He jogged back to the line, nodded with a smile to the security people and proceeded. Her eyes were still on him when he took his suitcases to be X-rayed, and put them through the giant scanners. The security people nodded and waved him along.

He turned toward the place where Alex stood from a distance of maybe a hundred feet. Somehow he knew she hadn’t left, and somehow his eyes found hers immediately, even across the crowded entrance lobby of the bustling airport. Across many travelers, a multitude of cultures, across more languages than anyone in the room could count. This was how they had met and how they would separate.

He gave her that big smile again, raised a hand and waved.
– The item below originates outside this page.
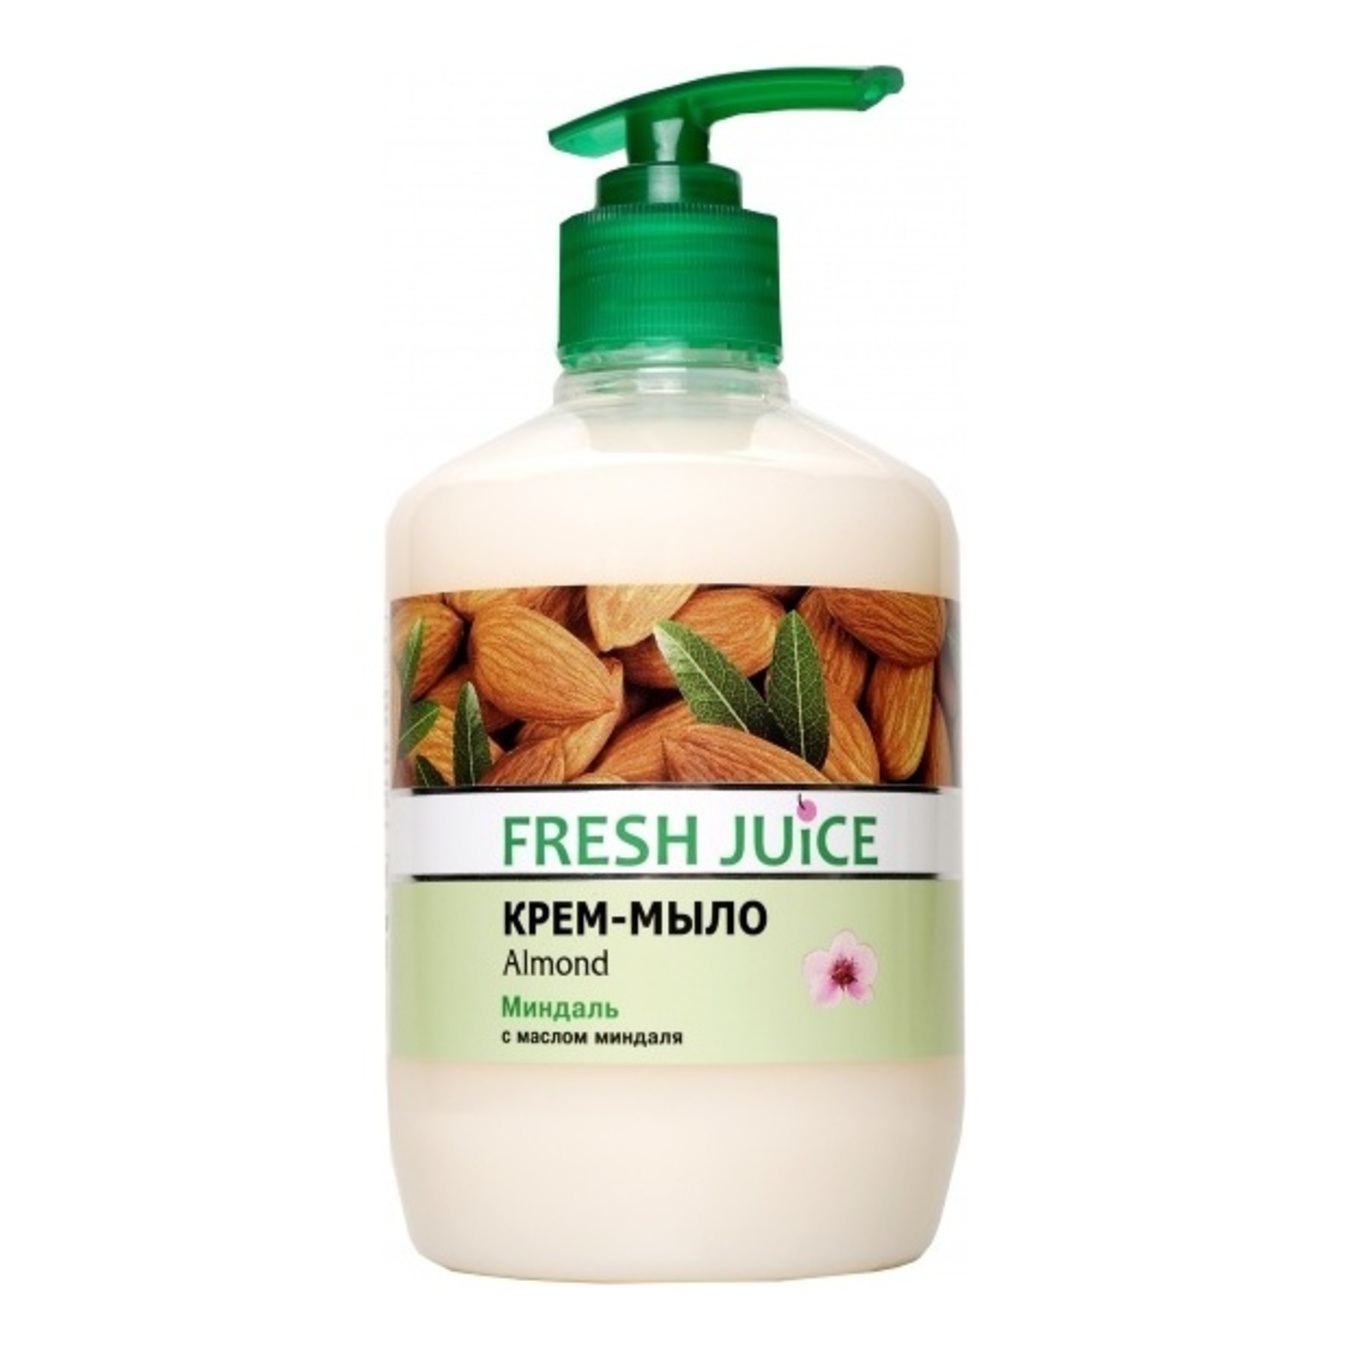  Fresh Juice Cream soap liquid Almond 460ml

She raised hers in response but without much enthusiasm. Then he turned and was gone through the security gates where they examined his shoes, his belt, and made him stand for an electronic, and then a manual, frisk. An absurd and amusing notion struck her. If these security people only know who they were frisking, she thought to herself. Well, it happened all the time.

She caught one more glimpse of him. Then he was gone.

Completely.

She walked out of the gates to the departures lounge and onto the sidewalk, lost in many thoughts…

She went back to the car and sat for several minutes. The degree to which she was rattled surprised even her. Time spiraled a little. So much had happened in so short a time. It seemed as if it had been only a few seconds ago that she had been emerging from the warm surf in Barcelona and answering the phone. Then she had been in Madrid, then Switzerland being undressed and re-dressed by Federov, then Rome, then back to the Spanish capital where she felt as if she had lost five years of her life pinned in a filthy tunnel under the streets-where she might have lost her life completely if Peter and his hit team hadn’t found her.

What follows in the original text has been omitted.